Askerlik yapan herkes bilir. Emre itaatsizlik suçtur. Komutan ne derse o ! Eee 5 günlük er teçhizat kuşan denmiş, kuşanmış, içtima alanına çık denmiş, çıkmış, bin lan araca denmiş binmiş. Nereye gittiğini bilmeden, sormadan sorgulamadan. Bakmış ki Boğaz Köprüsünde. Ne için orada bilmiyor bile. Sonra ne olmuş ? Bazılarınınj gırtlağı kesilmiş; neden öldüğünü bilmeden ! Hadi o spontone bir olaydı onu anladık. Ulan o 5 günlük askere müebbet verirken utanmadınız mı sıkılmadınız mı ? O çocuk aslında ne için orada olduğunu bile bilmediği halde, mahkemede uyduruk suçu kabbullense, ve dese ki, "koskoca cumhurbaşkanını kadırmışlar, ben de kandırıldım" Hafifletici neden olur mu ? Olmazzz... Niye ? E kurban lazım. Kurban dediğin de siyasi olmaz. Cahil ve sıradan olması lazım !
Uzatmayayım. Hani bir de böyle dramatize ediyorsunuz ya, midem iki kat bulanıyor. Şiirler yazmalar, kahraman edasında karalamalar, destansı yazılar. Hadi lennnn... Geççcen bunları...
Bu orospu fetoyu siz bela ettiniz başımıza. Siz bankalarını açtınız. Siz adına parala bastırdınız. Siz yere göğe sığdıramadınız. Siz ne isterse verdiniz. Siz el ele verip orduyu perişan ettiniz. Siz o katlettiğiniz generallerin yerine fetöcü askerleri atadınız. Bunları yaparken de "ben bu davanın savcısıyım" diyene onay verdiniz. Siz kaç kişinin hayatını söndürdünüz. Şimdi kalkmış yok kahramanlık yok bilmem ne cart curt...
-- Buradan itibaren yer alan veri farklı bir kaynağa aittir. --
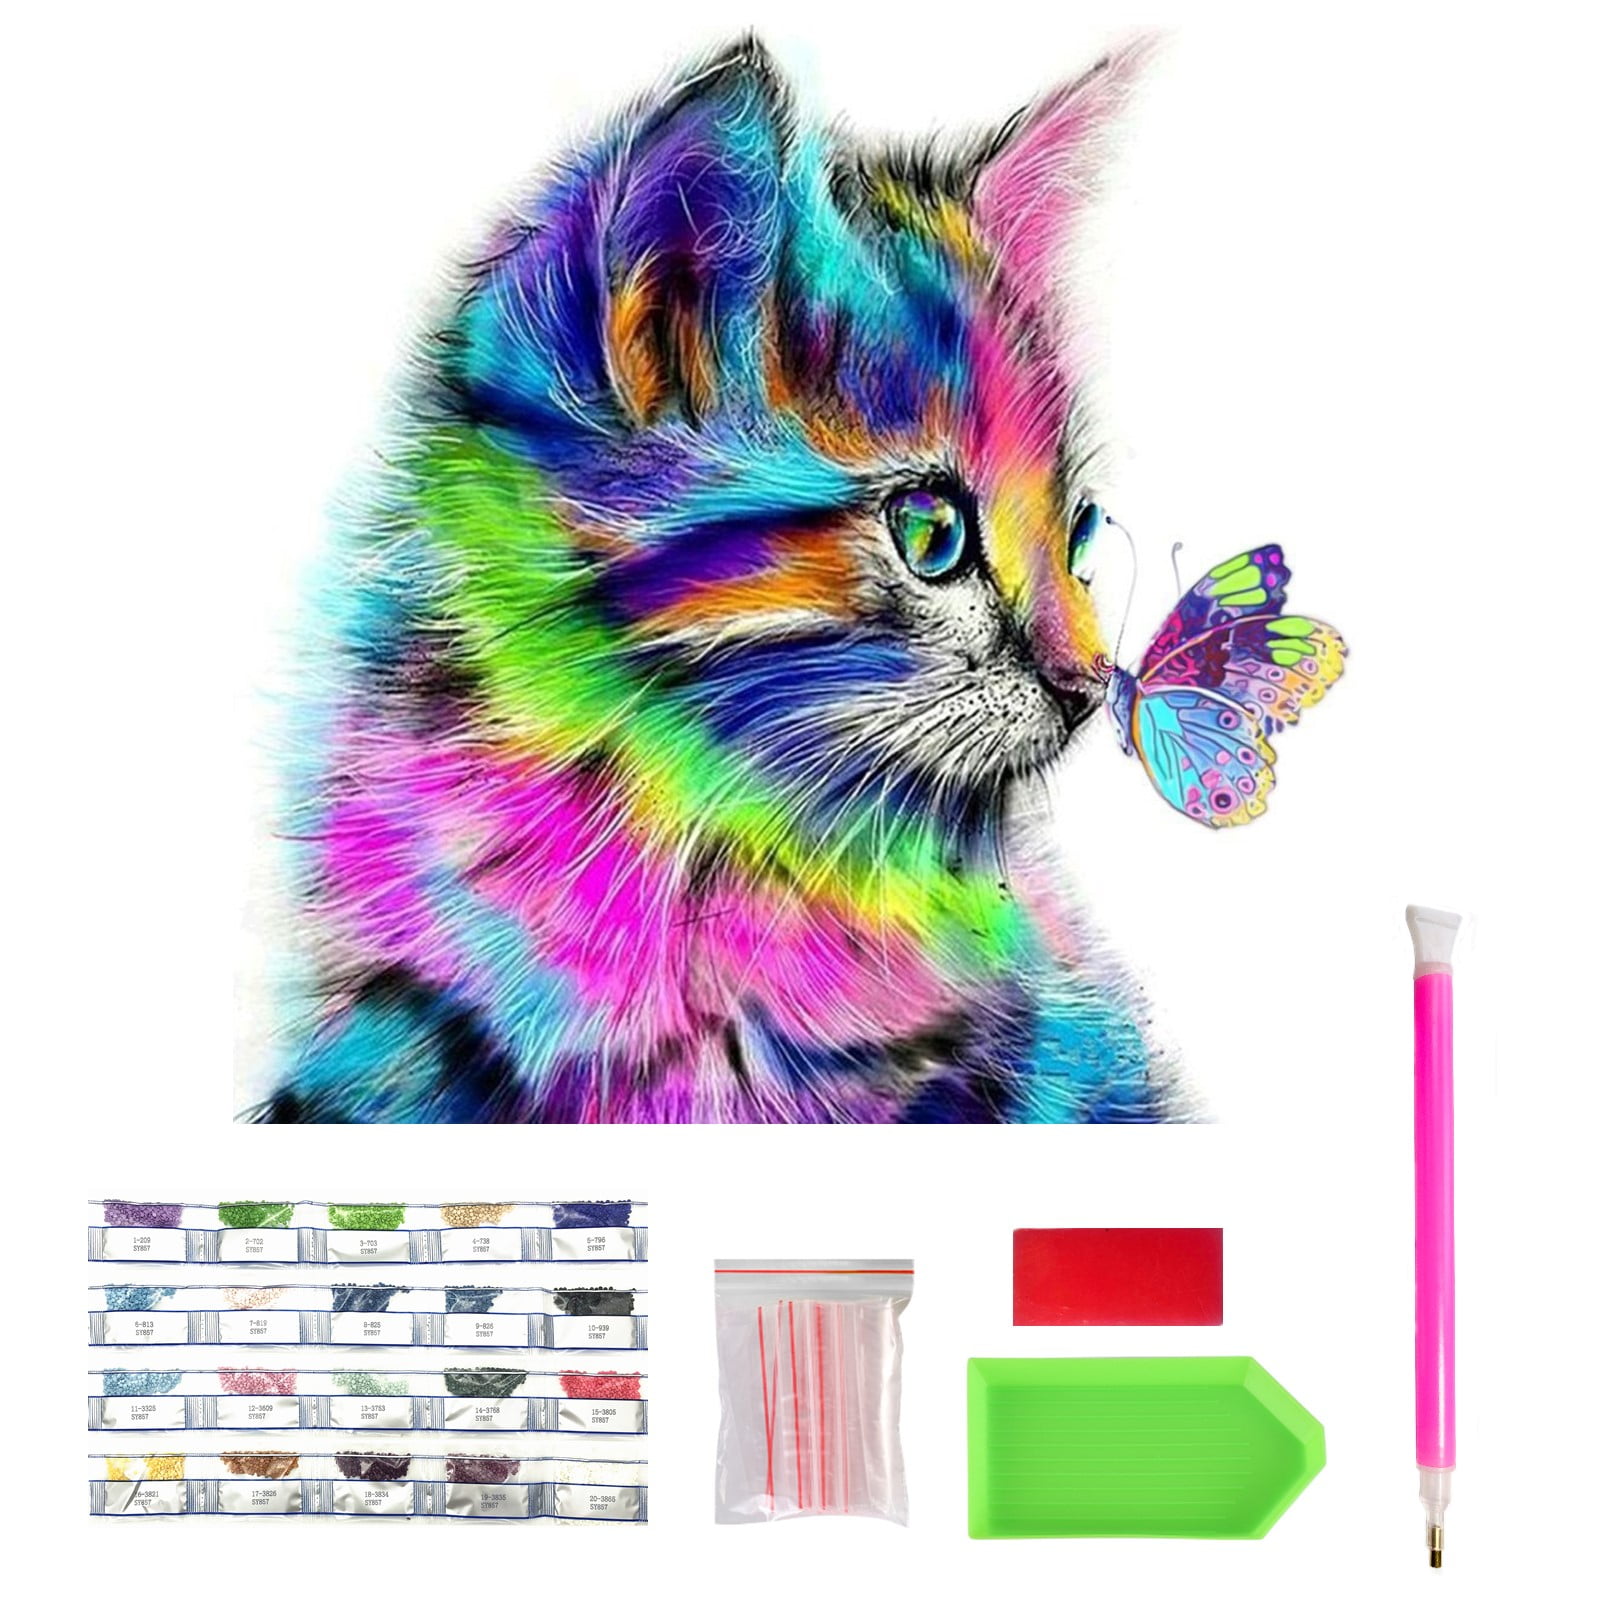  TOCARE Large 5D Diamond Painting Kits for Adults16x20Inch  Animal Round Full Drill Embroidery Dotz Kit Home Wall Art Decor,Magic cat :  Arts, Crafts & Sewing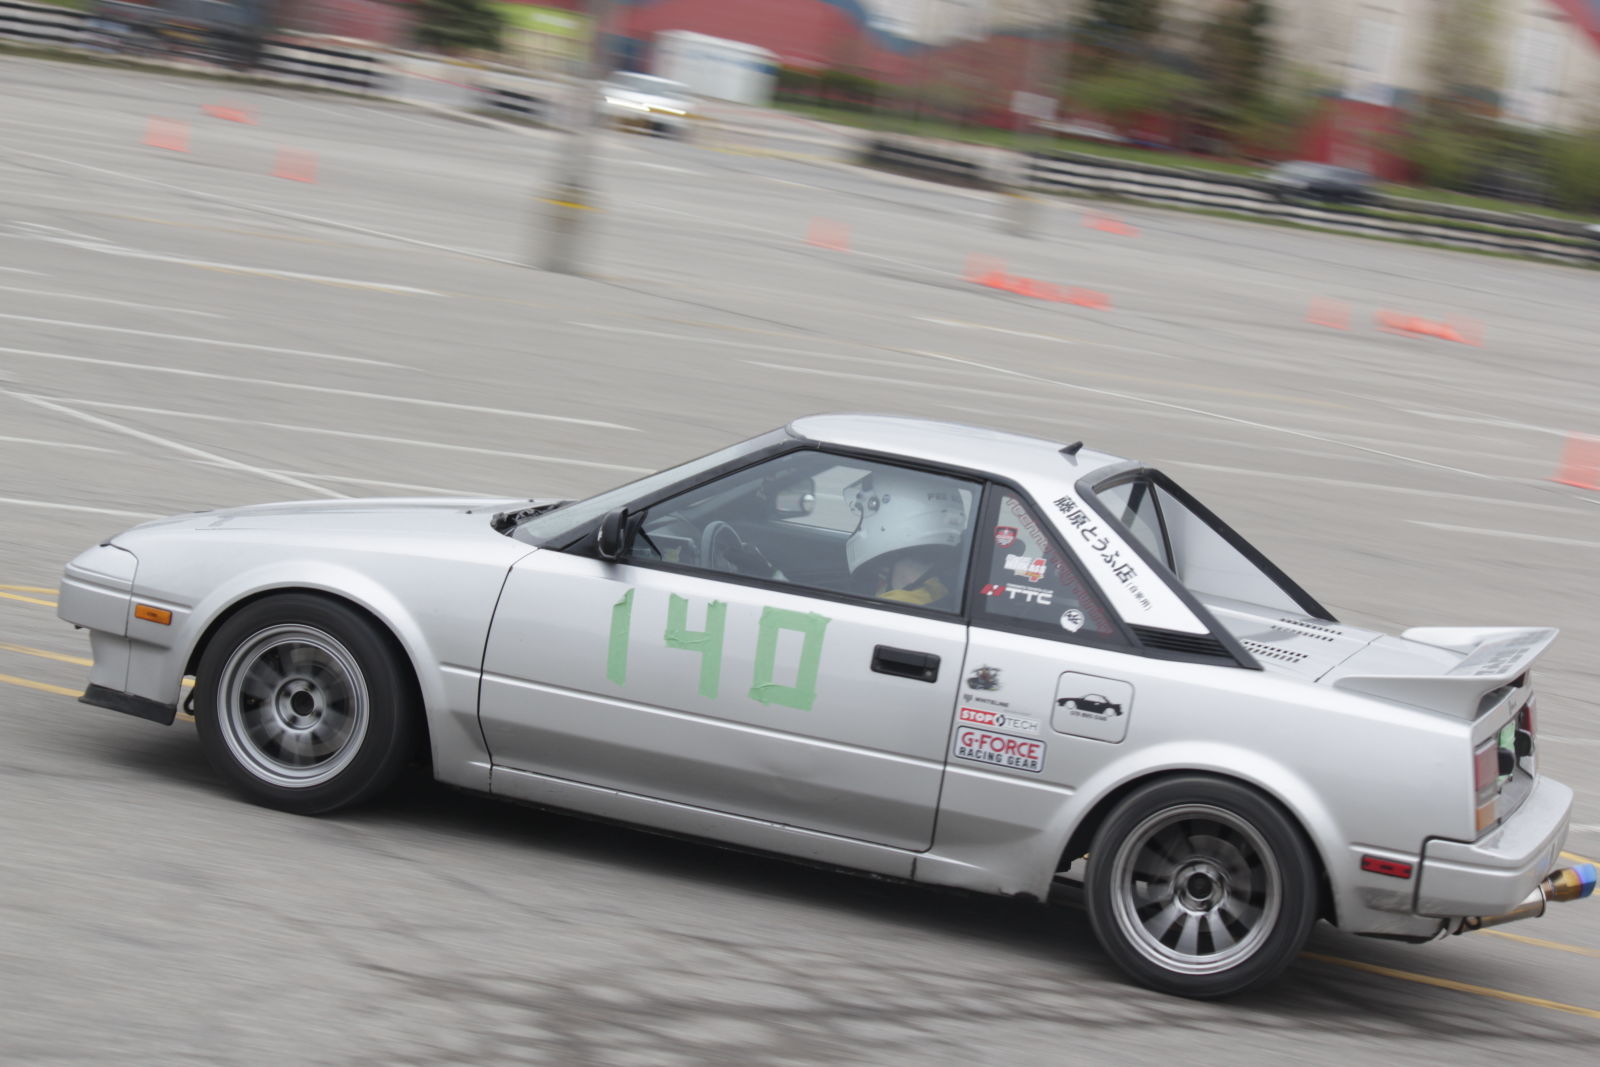 What happens when you put a 3SGTE in an AW11, you make it really fast.

Geç bunları anam babammm geç bunları... (mevzusu bile beni boğuyor, o nedenle kısa kestim)
Üstat yazınızı beğenerek okudum. Affınıza sığınarak bende bir 15 temmuz şiirimi paylaşacağım. Sürçü lisan eyler isem affola...
Direniş
I
Cellatları kan tutmaz çocuk
Merhamet umma ruhunu şeytana satmış kölelerden
Medet bekleme kokuşmuş sevgilerinden
Kaypak olur sevdaları
Çürüktür onların içi çürük
Kırsan kemiklerini, ihanet akar iliklerinden
Tanı onları çocuk tanı
Sinsi gülüşlerinden tanı
Marazlı dostluklarından, yaldızlı cüppelerinden tanı
Tanı ki…
Bu kanı bozuklardan önce ülkeni, sonra kendini koru
II
Bir temmuz akşamı geldiler
Uçakları
Tankları
Üniformalı itleriyle geldiler
Lanetli bakışları
Salyalı ağızları
Satılmış yürekleriyle geldiler
III
Sende geldin çocuk
Oyuncak kamyonunla geldin
Bu putperestlere inat, bu sırtlanları alkışlayanlara inat
Kocaman yüreğinle geldin ve direndin
Direndik kadın erkek, çoluk çocuk
Direndik yalın yürek
Bir deli ırmak olduk, aktık hainlerin üstüne
Ezanımız susmasın, bayrağımız inmesin diye
Çomak soktuk ihanetin tekerine
Dalımıza leş kargaları konmasın istedik
Denizimizde martılar, göğümüzde kuşlar ölmesin istedik
Destan yazdık kanımızla
Çatımıza güvercinler konsun, dağımızda ceylanlar uyusun istedik
IV
Dilde tekbir… Elde bayrak… Ebabil gibi yağdık üstlerine
Aç gözlerini sis bürüsün diye yaktık tarlamızı tapanımızı
Çiğnetmedik vatan toprağını kanlı toynaklara
Çakal sürüsüne teslim olmadık
Kuş teleği gibi güçlendik kırıldıkça
İçtik şehadet şerbetini
Kurban olduk ay yıldız bayrağa
Her birimiz çelik yumruk, her birimiz Ömer Halisdemir
Alıcı kuş olduk çöktük ümüklerine
Ulubatlı Hasan olduk
Diktik ay yıldızlı bayrağı tankların çeliğine
V
Varsın geçmesin adımız tarih kitaplarında
Varsın senaryo sansınlar, varsın tiyatro desinler bu vahşi kıyıma
Biz destanımızı meydanlara yazdık
Yazdık puştun alnının çatına
Bu vahşet… Bu zulüm…
Dokunmaz bize dokunmasına da
Bizden olup ta… Bizi sırt çevirenler yok mu?